今はとにかく新メンバーで、もう1度わがまちの自殺対策をゼロベースで見直して、良い点は継続し、改善すべき点は徹底して改善する、そんな機会にしたいと今は考えています。

新しい体制のもとで、今年は徹底して自殺予防対策に取り組んでいきたいです。

そして、来月こそは良い報告ができるように現実を変えていきたいです。



横須賀市の自殺による犠牲者数が昨年の2倍に増えています/3月末までの速報値

自殺の犠牲者が前年比2倍に増えています

毎月、警察庁の統計データが発表されるたびに、フジノは深い落胆と自らの力不足を痛感しています。

3月末までの横須賀市の自殺による犠牲者数が、昨年の2倍に跳ね上がっています。

その一方で、全国の自殺による犠牲者数(6,190人)は対前年比マイナス905人で、約12.8%減少しています。

過去5年間の比較

過去5年間の比較


上のグラフは、警察庁が内閣府自殺対策推進室に提供したデータ(市区町村別・自殺日別・住居地別)をフジノがまとめたものです。

2013年は例年に比べて犠牲者が少なかったのでした

2013年は例年に比べて犠牲者が少なかったのでした


昨年2013年は自殺による犠牲者が例年に比べて少なかったのです。

特に、昨年は1〜8月末までの合計は、過去5年間で最少でした。

しかし2013年9月を境に、状況は変わってしまいました。

悪化の原因もつかめないまま(データがあまりにも無いのです)、好転のきざしも見えないままです。

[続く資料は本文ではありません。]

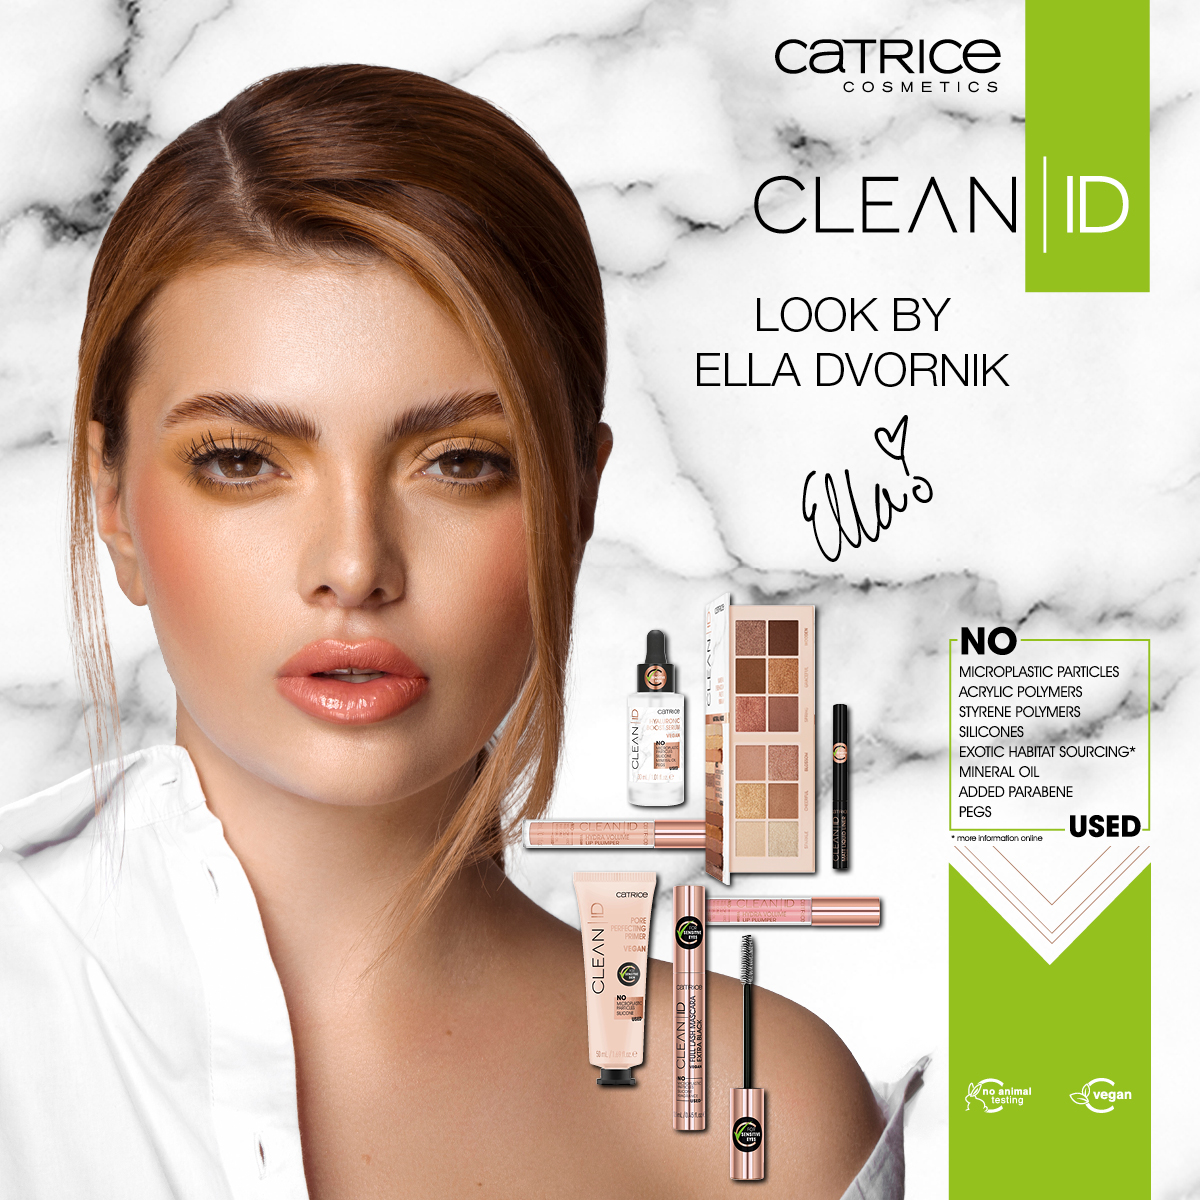 Catrice kozmetika nudi limitiranu kolekciju Clean ID, čije zaštitno lice je poznata influencerica Ella Dvornik
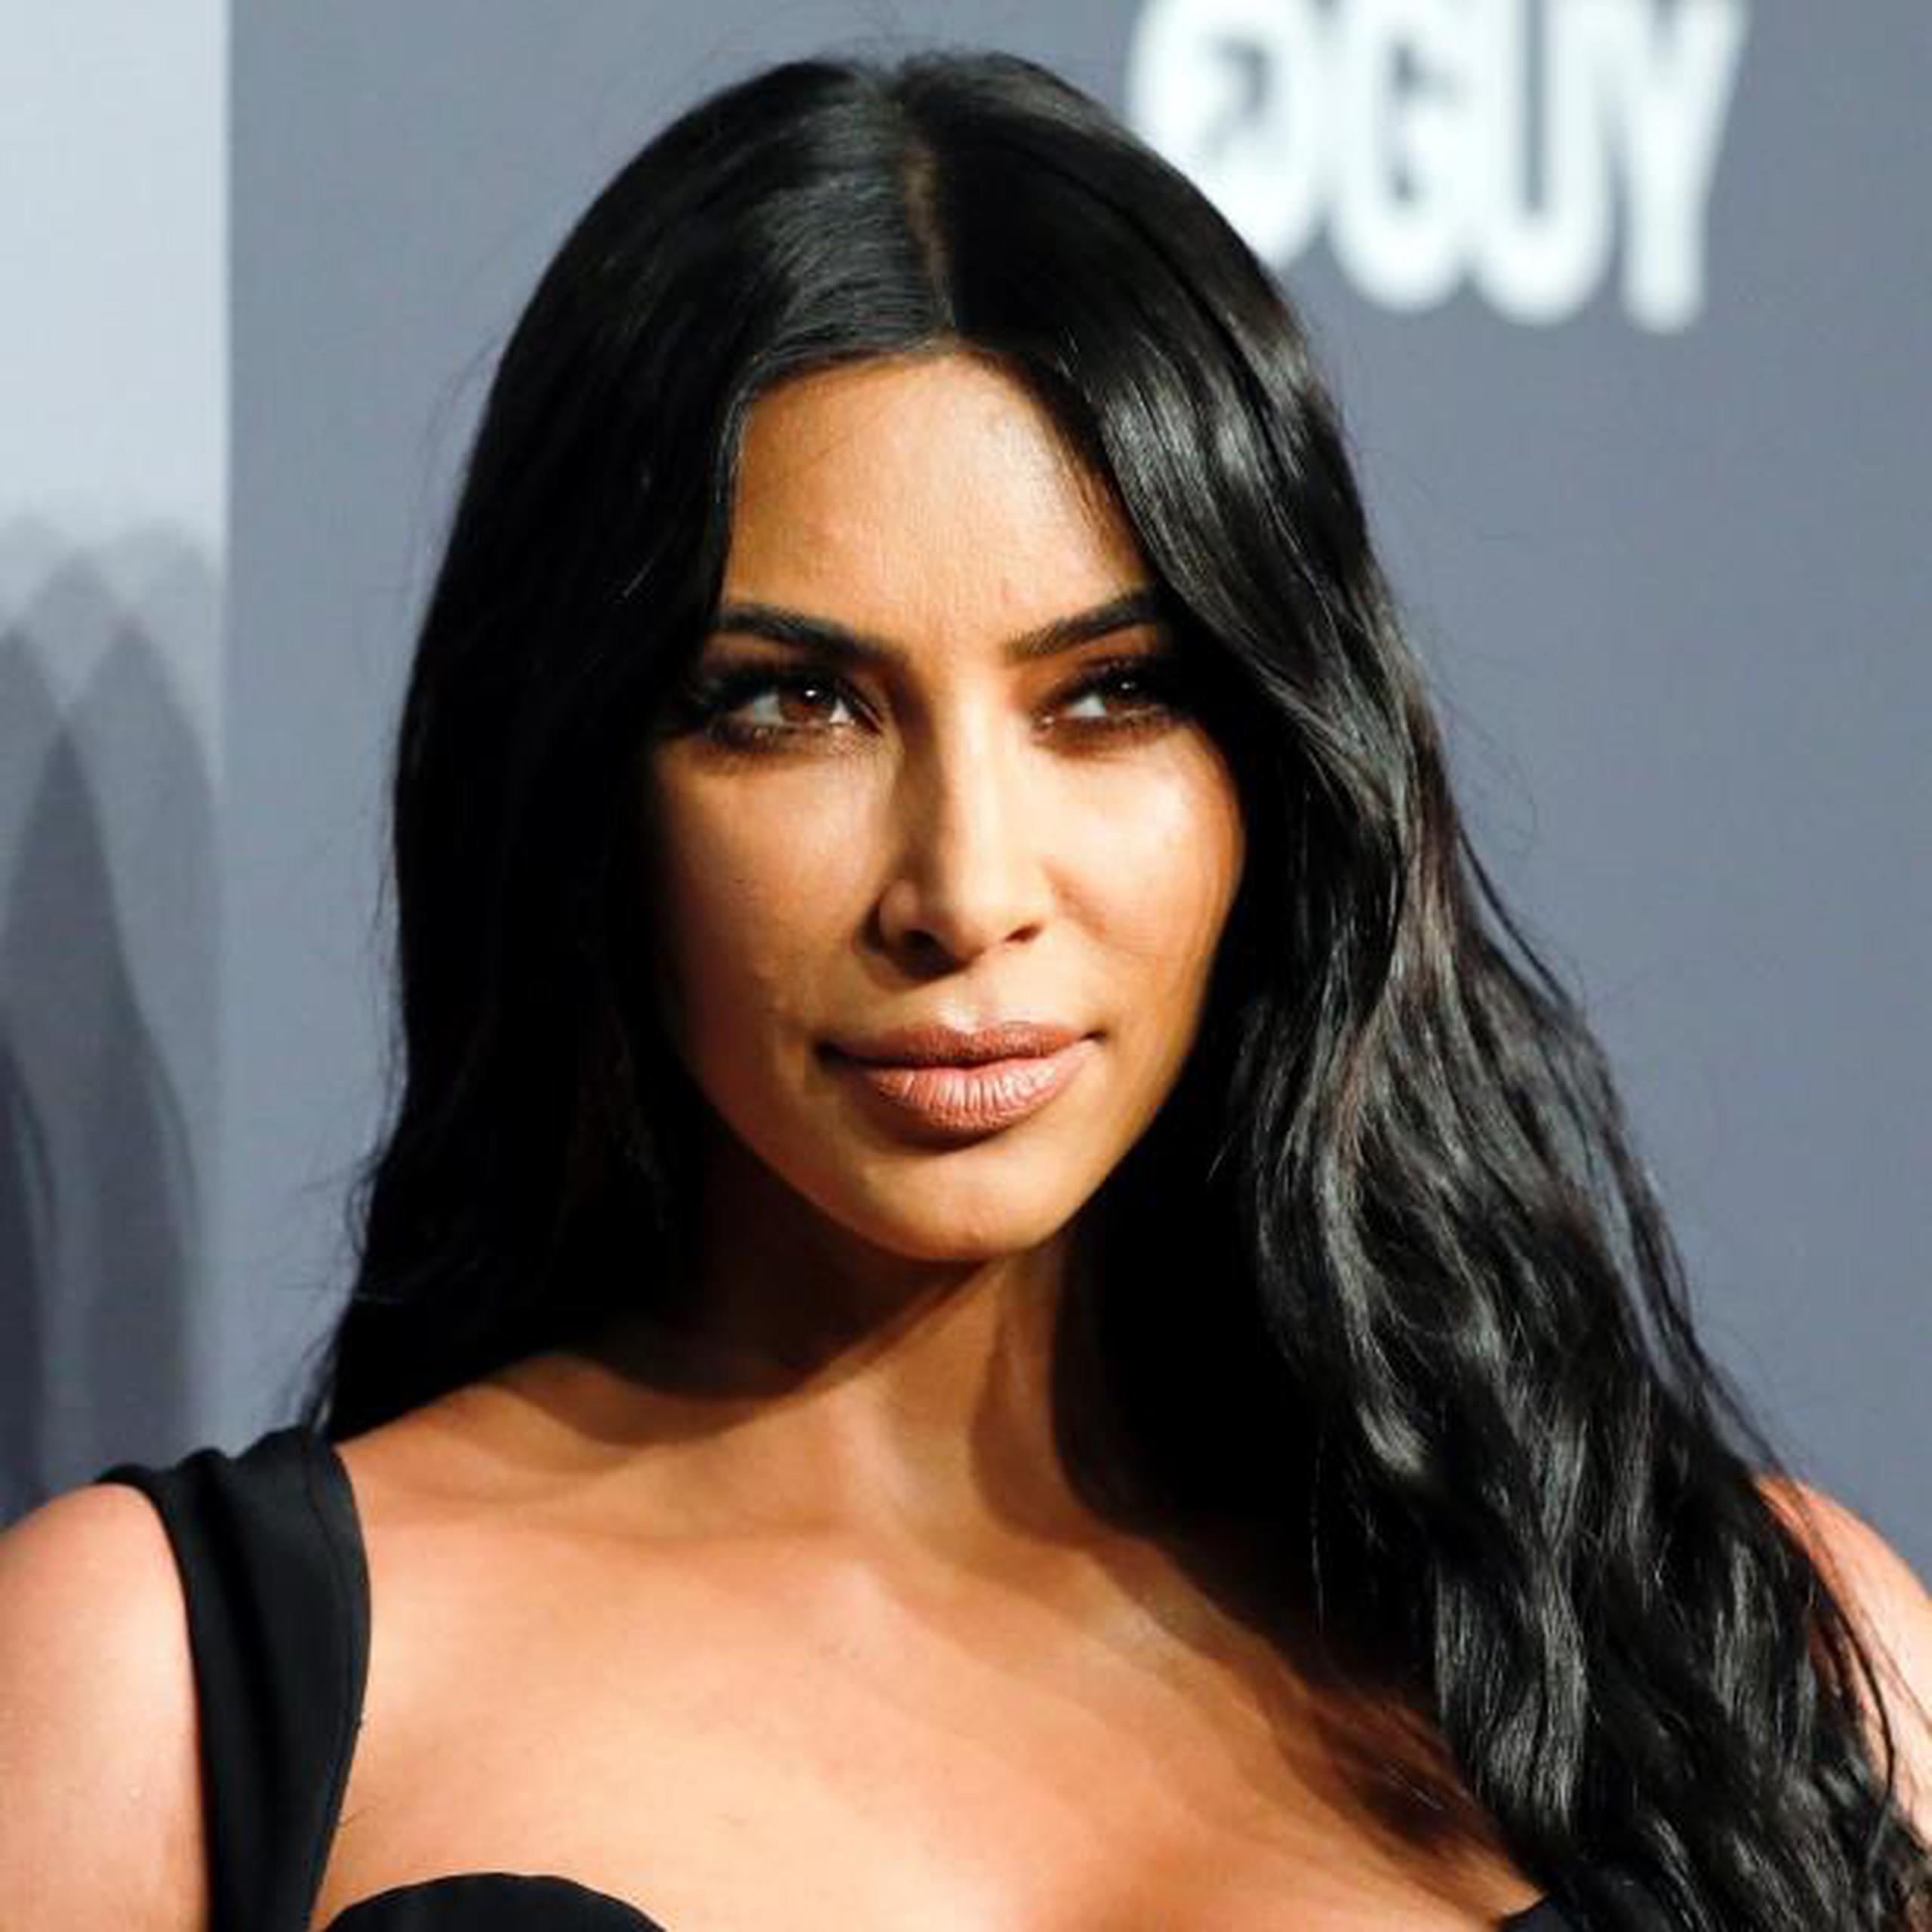 En el pasado, Kim Kardashian sufrió psoriasis y tuvo complicaciones en los embarazos con su marido Kanye West. (EFE)

自殺対策を最大の課題として取り組んできた政治家としてフジノは、自らの力不足を恥じるとともに、申し訳ない気持ちでいっぱいです。

自殺へと追い込まれてしまった方々と、そのご遺族のみなさまに、謹んで哀悼の意を表します。

もっと必要な情報が届くように努力します

これまで横須賀市の自殺対策のほぼ全てをフジノは提案してきました。

改めて、その対策の在り方をゼロから全て見直してみたいと考えています。

また、個人として『今すぐできる取り組み』として、なるべく早くにブログを改善したいと思います。

横須賀市の自殺対策の取り組みをこちらのページでお伝えしてきました。

現在のフジノブログでの「横須賀市の自殺対策の実施状況」コーナー

現在のフジノブログでの「横須賀市の自殺対策の実施状況」コーナー


これは、他のまちの自殺対策に取り組む方々からご質問を頂くことが多い為に、そうした方々に参考にして頂く為のページというコンセプトで作成してきたのですが、改めようと思います。

今この瞬間に必要な情報を求めている方々にとって、もっと読みやすく情報を入手しやすいページヘと改善したいと思います。